Jail will force its prisoners to work nine to five, to cut reoffending

INMATES at the new £120 million Low Moss prison will be made to work a 35-hour week, in a bid to stop them reoffending when they are eventually released.

It is the first time that a full-time working culture has been put at the heart of a Scottish prison.

All inmates will be made to leave their cells before 9am each morning, with electricity cut off in their absence, so they cannot stay behind and watch TV.

They will then take part in commercial projects, such as manufacturing, educational courses or programmes aimed at addressing their offending.

The electricity will even be turned off at 1am in the cells, to try and ensure prisoners get a decent night’s sleep ahead of their working day.

Low Moss, which is to open in March and will house up to 700 inmates, was the first prison to be built by the public sector on a brownfield site since the 1970s.

This gave the designers the flexibility to include worksites and a link centre which will include employment, housing, social work and addiction services.

It is not the first Scottish prison to encourage inmates to work up to seven hours a day, but it is the first to formalise it in this way.

A spokesman for the Scottish Prison Service said: “The big difference here is prisoners will be expected to work 35 hours every week.

“When they leave the halls in the morning, the staff will leave with them. Work will range from manufacturing to doing prison laundry, but there will also be education and reoffending programmes.
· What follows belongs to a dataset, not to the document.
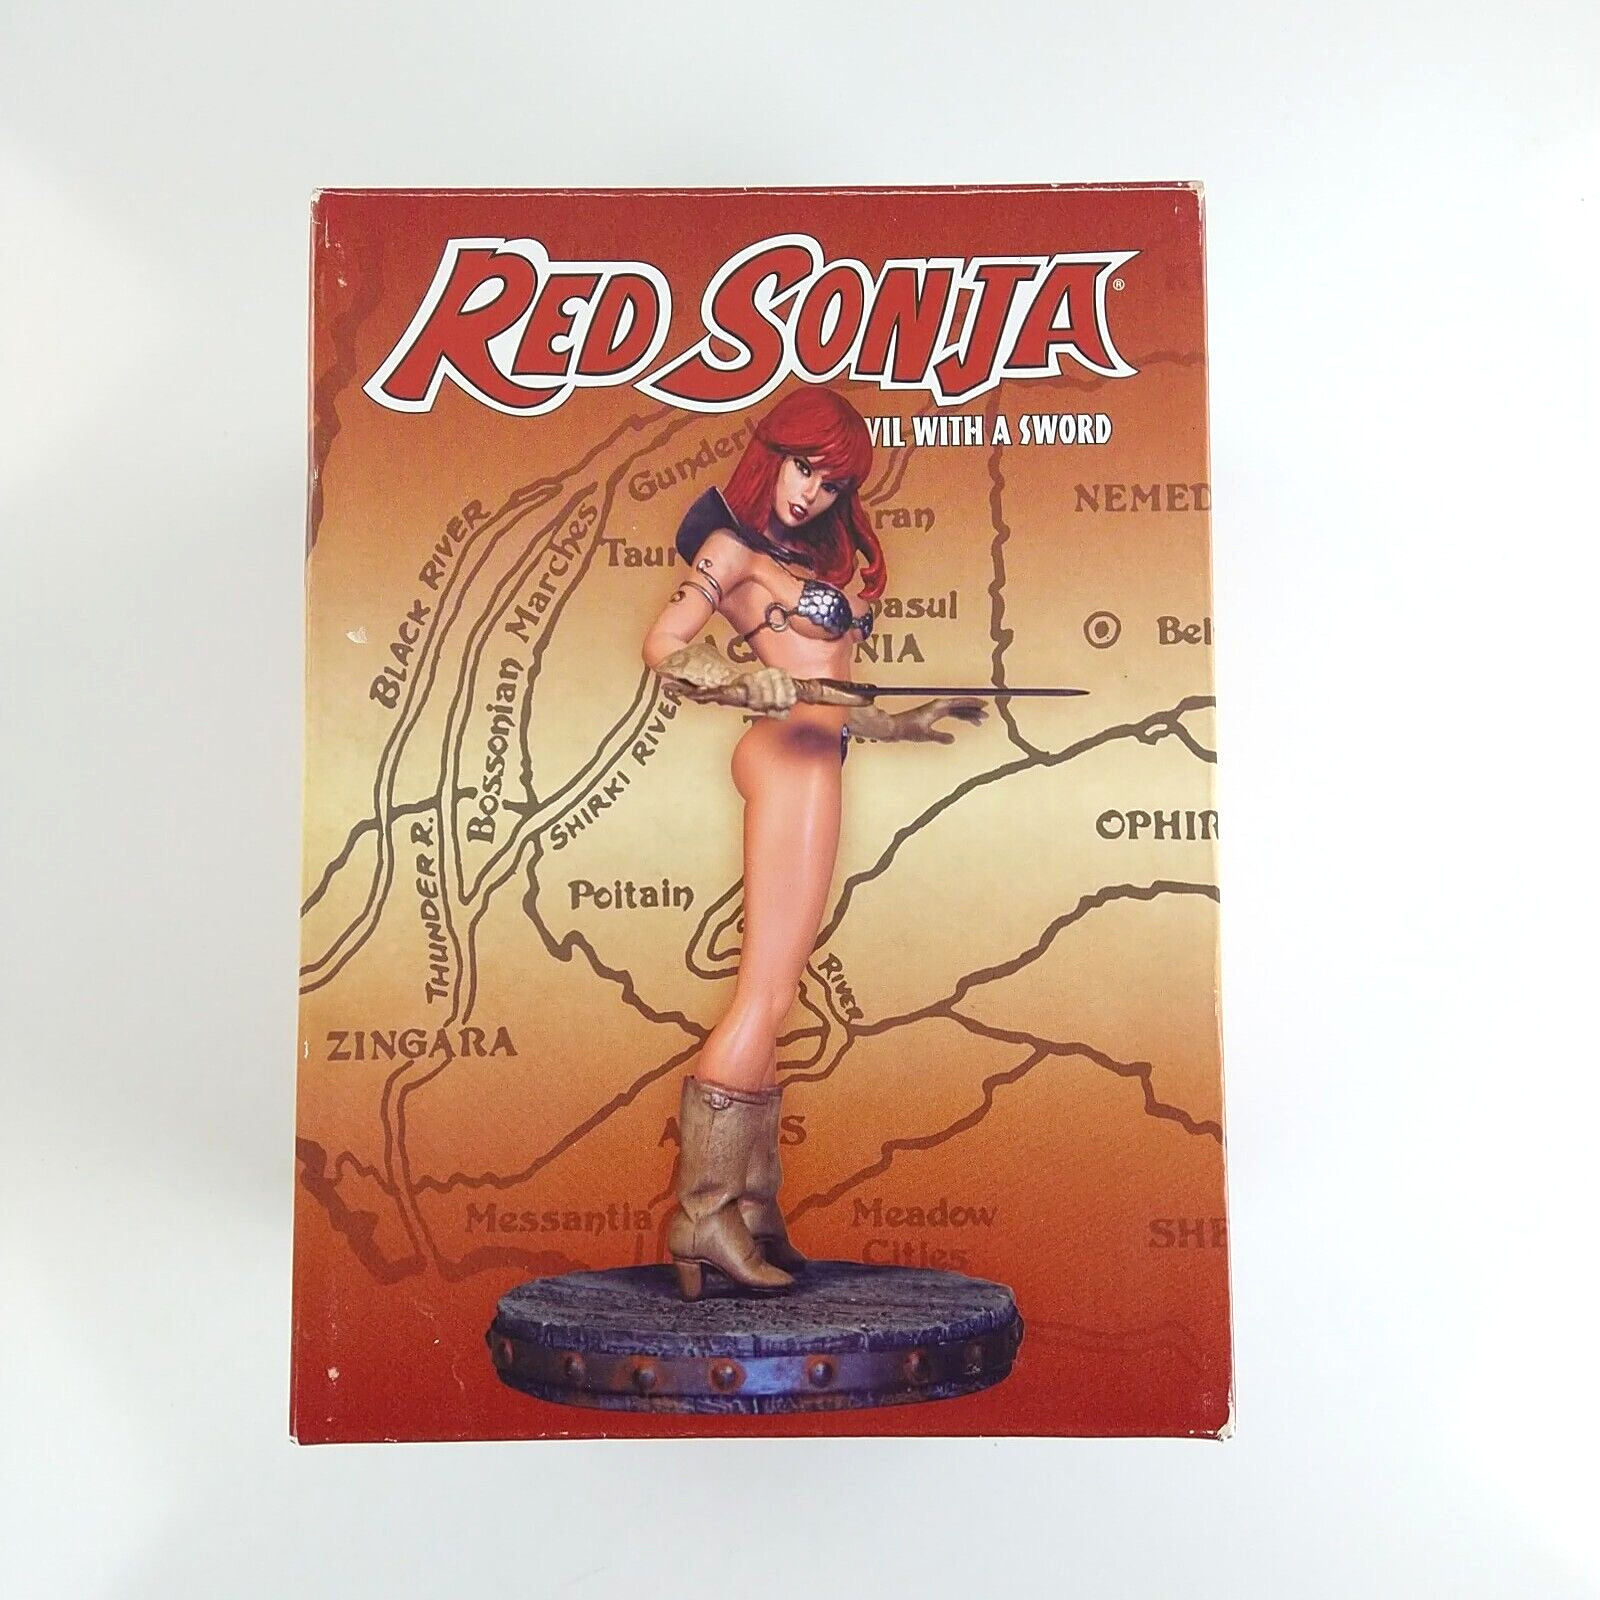 Dynamite Linsner RED SONJA She-Devil with a Sword Statue Figure New in Box

“Some of it will be commercial work, producing goods and materials that can be used elsewhere, or used within the prison estate. For example, the bed sheets for Low Moss were made at another prison.”

The prison service expects the running costs of Low Moss to be no higher than at a similar-sized institution, such as at Edinburgh, because the workshops and courses will be run by wardens who would be employed there anyway.

Reoffending rates fell to their lowest point in a decade last year, with 42.4 per cent being reconvicted within two years, and 31 per cent within one.

However, ministers are still concerned about the number of criminals who spend their lives going in and out of prison.

The Scottish Government introduced a presumption against sentences of three months or less last year, replacing them with community payback schemes, to stop low-level offenders graduating to more serious criminality under the guidance of fellow prison inmates. It is hoped the discipline of a nine-to-five working day will prepare those at Low Moss for work, on their release, instead of reoffending.

Justice secretary Kenny Mac-Askill said: “Our priority for any prison is to punish serious offenders and keep the public safe.

“I was pleased to see the progress that’s been made at HMP Low Moss which will certainly be a good example of how we should be managing prisoners in the 21st century.

“This new building, and the way it is designed, will allow prison management to impose tough new crackdowns on inmates, such as cutting the power to cells during the day and operating a nine-to-five working week.”

It is also hoped that Low Moss, in East Dunbartonshire, will ease the high levels of overcrowding across the prison estate.